3. I notice and comment on women’s cleavage when it’s particularly—err, noticeable. (Iwanski can also attest to this. Often I notice the large cleavage before he does and point it out to him. He is very grateful to me when I do that.)

4. I like watching stupid comedies where the humor is all about people getting hit in the crotch and stuff like that.

Here’s why I’m like a chick:

1. I like to watch love stories, no matter how unrealistic they are. (The Lake House comes to mind. I absolutely loved that movie.)

2. I like to talk on the phone with my girlfriends and analyze and overanalyze every conversation with everybody I’ve come into contact with in the past week.

3. I loved the Sex In The City movie and cried several times during it.

4. I can cry at the drop of a hat.

5. I obsess about losing weight but refuse to give up chocolate or wine.

6. I dream about being a Mommy someday.


Hmmm…I just noticed that the chick list contains the words “overanalyze,” “cry” and “obsess,” while the dude list contains the words “beer,” “sports,” and “comedies.”

God, being a dude must be like heaven.
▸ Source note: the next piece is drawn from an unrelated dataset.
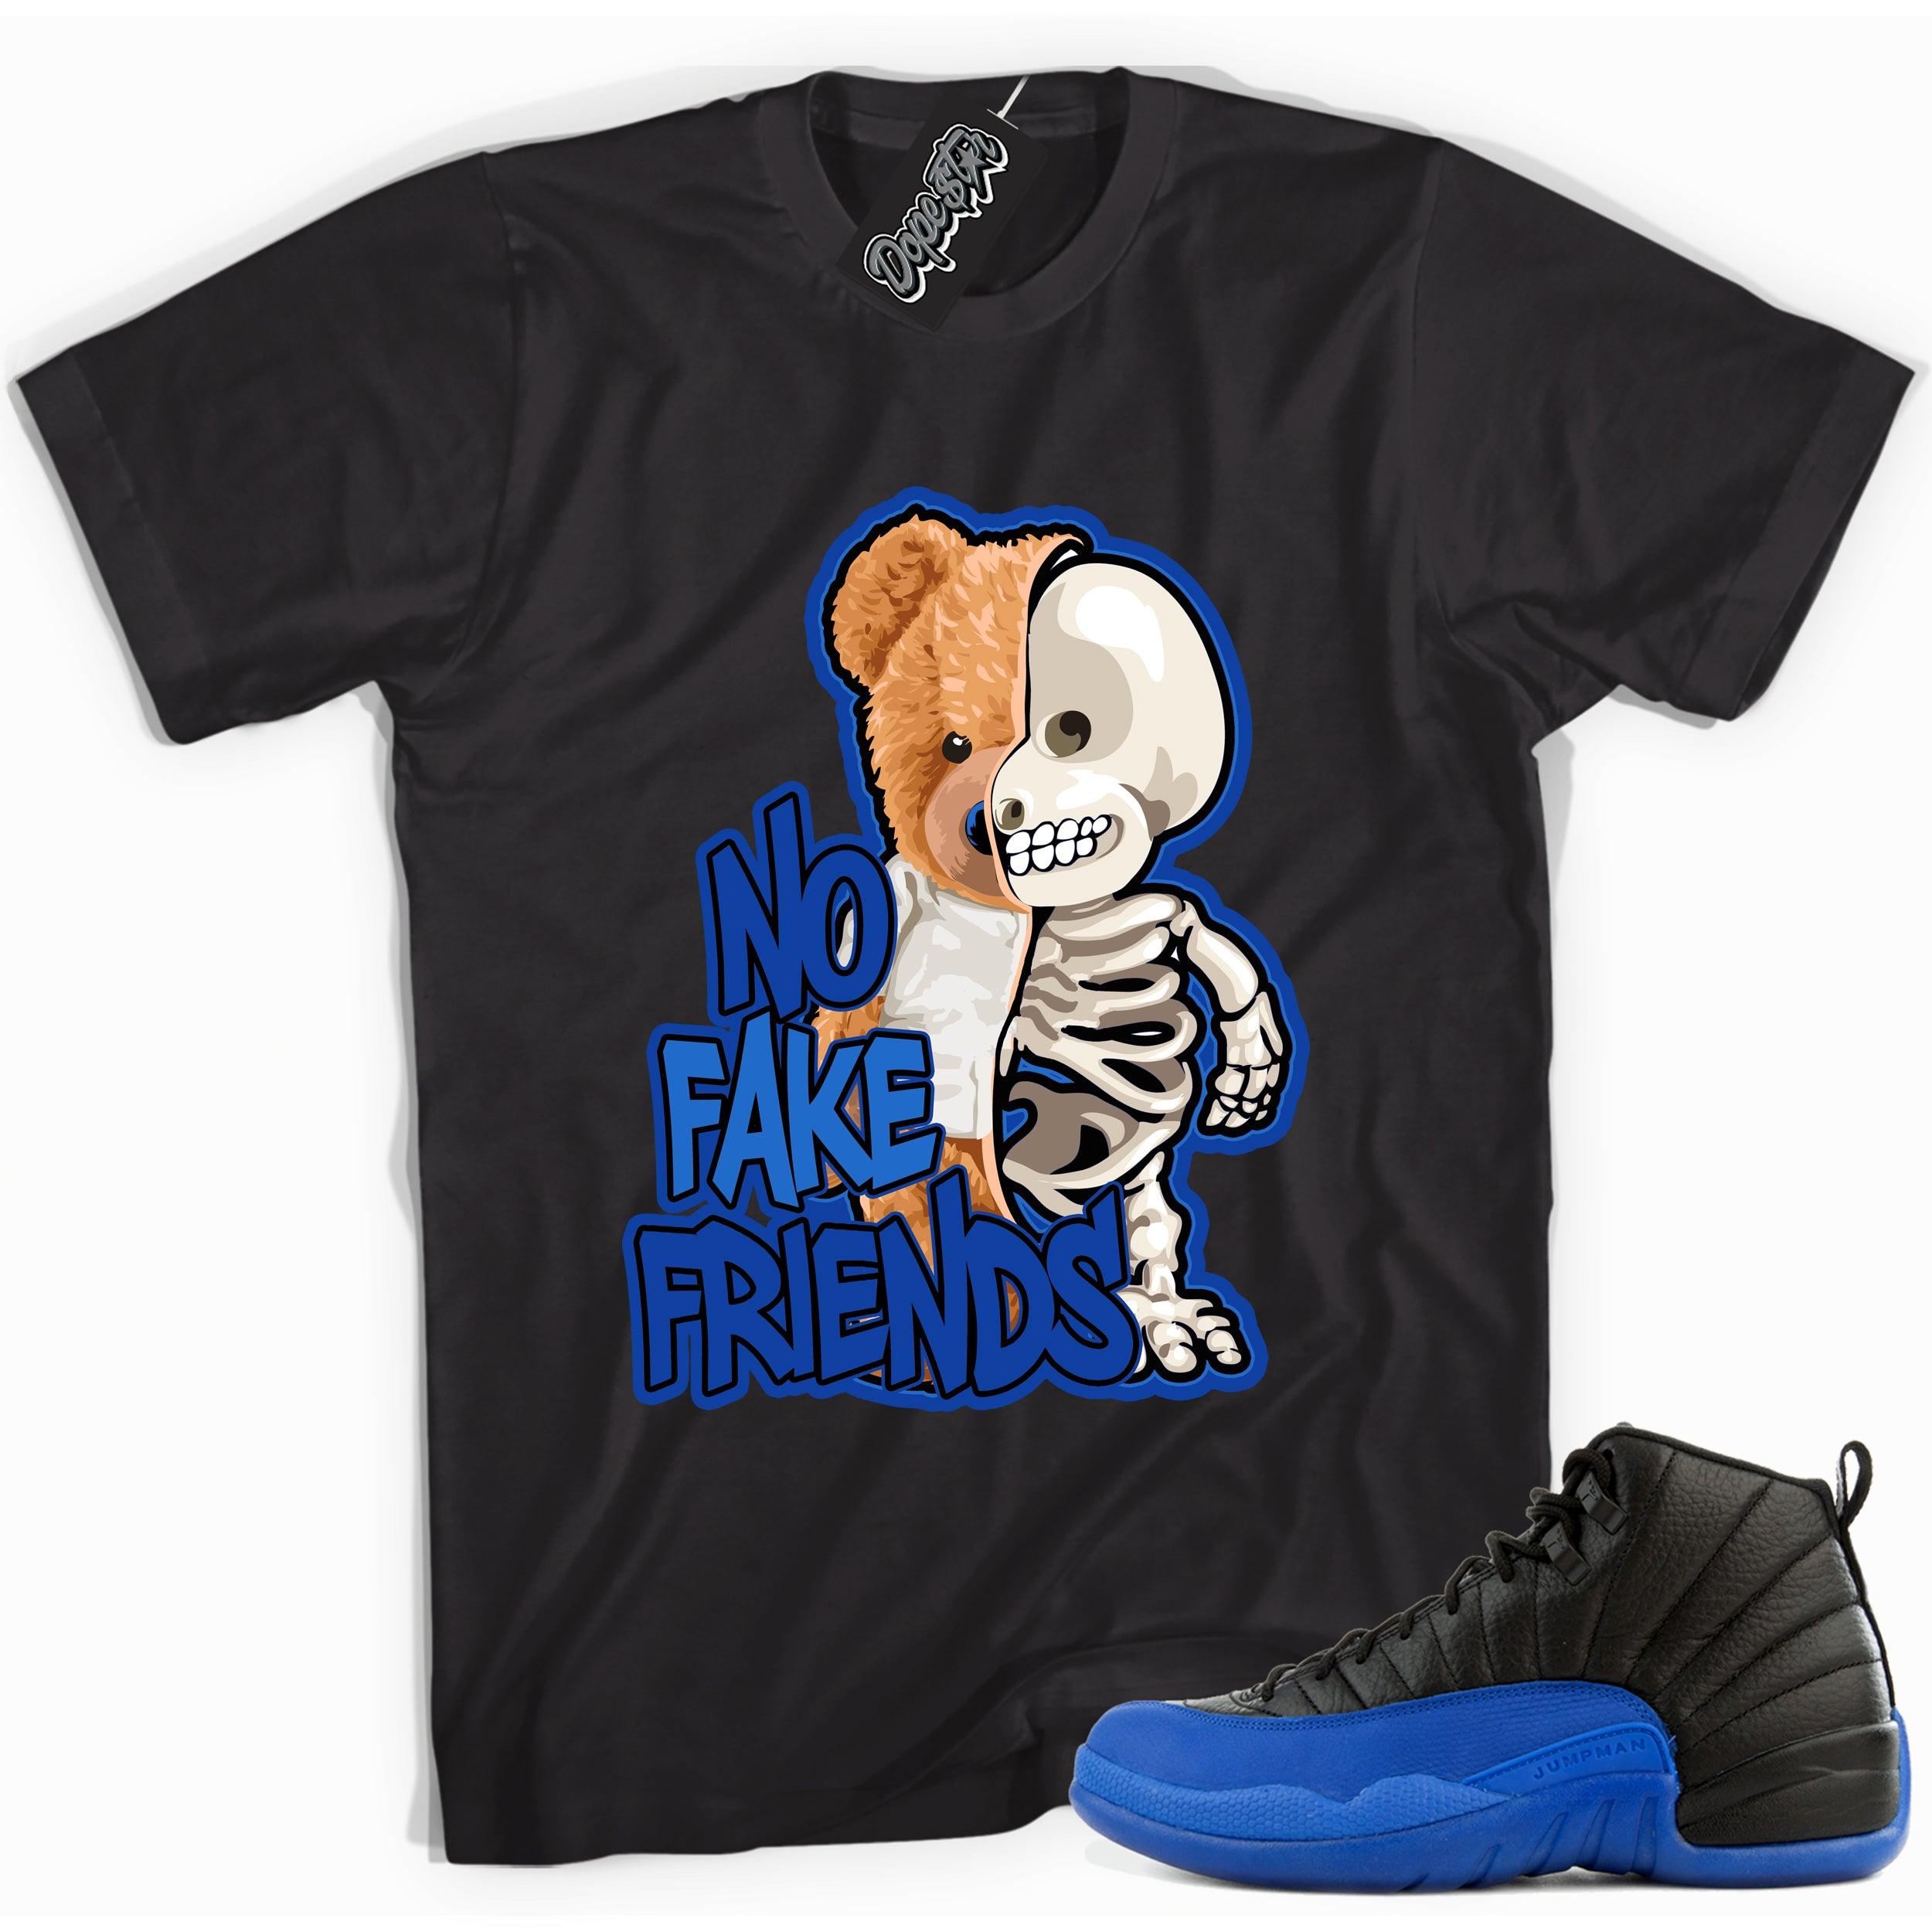 Cool black graphic tee with 'no fake friends' print, that perfectly matches  Air Jordan 12 Retro Black Game Royal sneakers.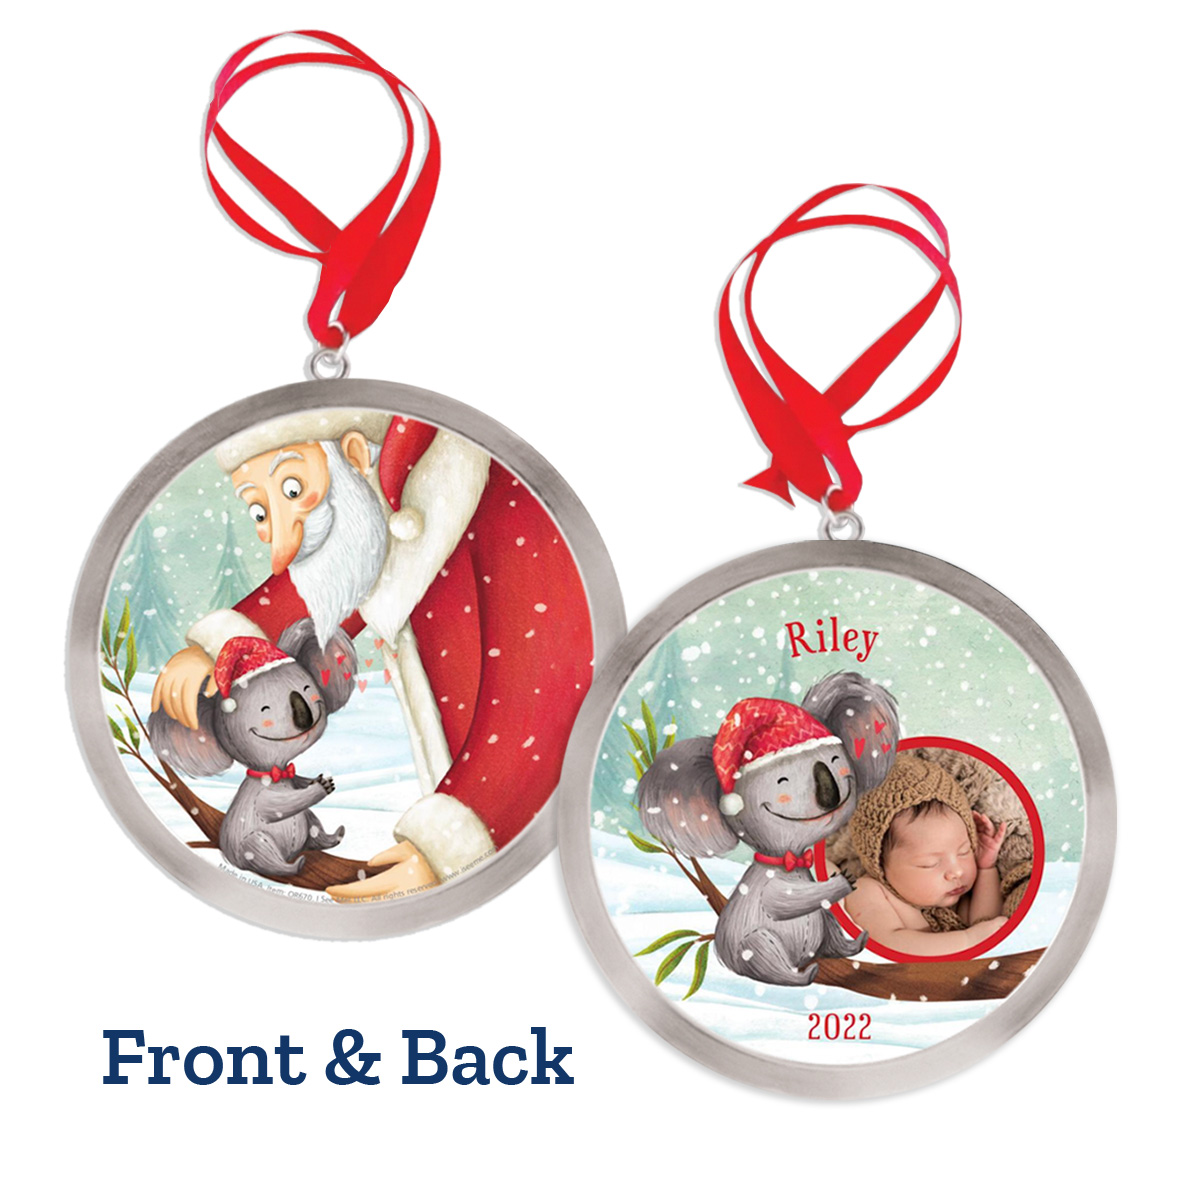 My Very Own Christmas Personalized Book and Ornament Gift Set

They just don’t know how lucky they are.

5 comments:

Anonymous said...

so, does that make Iwanski half gay?

LP Cards Fan said...

And we can pee standing up. It really is a nice life.

Miss Healthypants said...

Anonymous--doesn't it make ME half gay? *LOL* Actually, according to a friend of ours who's gay, Iwanski is the straightest guy he's ever met--no gay-dar there! :)

LP Cards Fan--you are LUCKY!!!! :)

Citymouse said...

I can relate!

Unknown said...

Wow, you are much like my dear spouse. She has many of those beer belching, cleavage noticing qualities man qualities. Now if I could get her to watch a baseball game.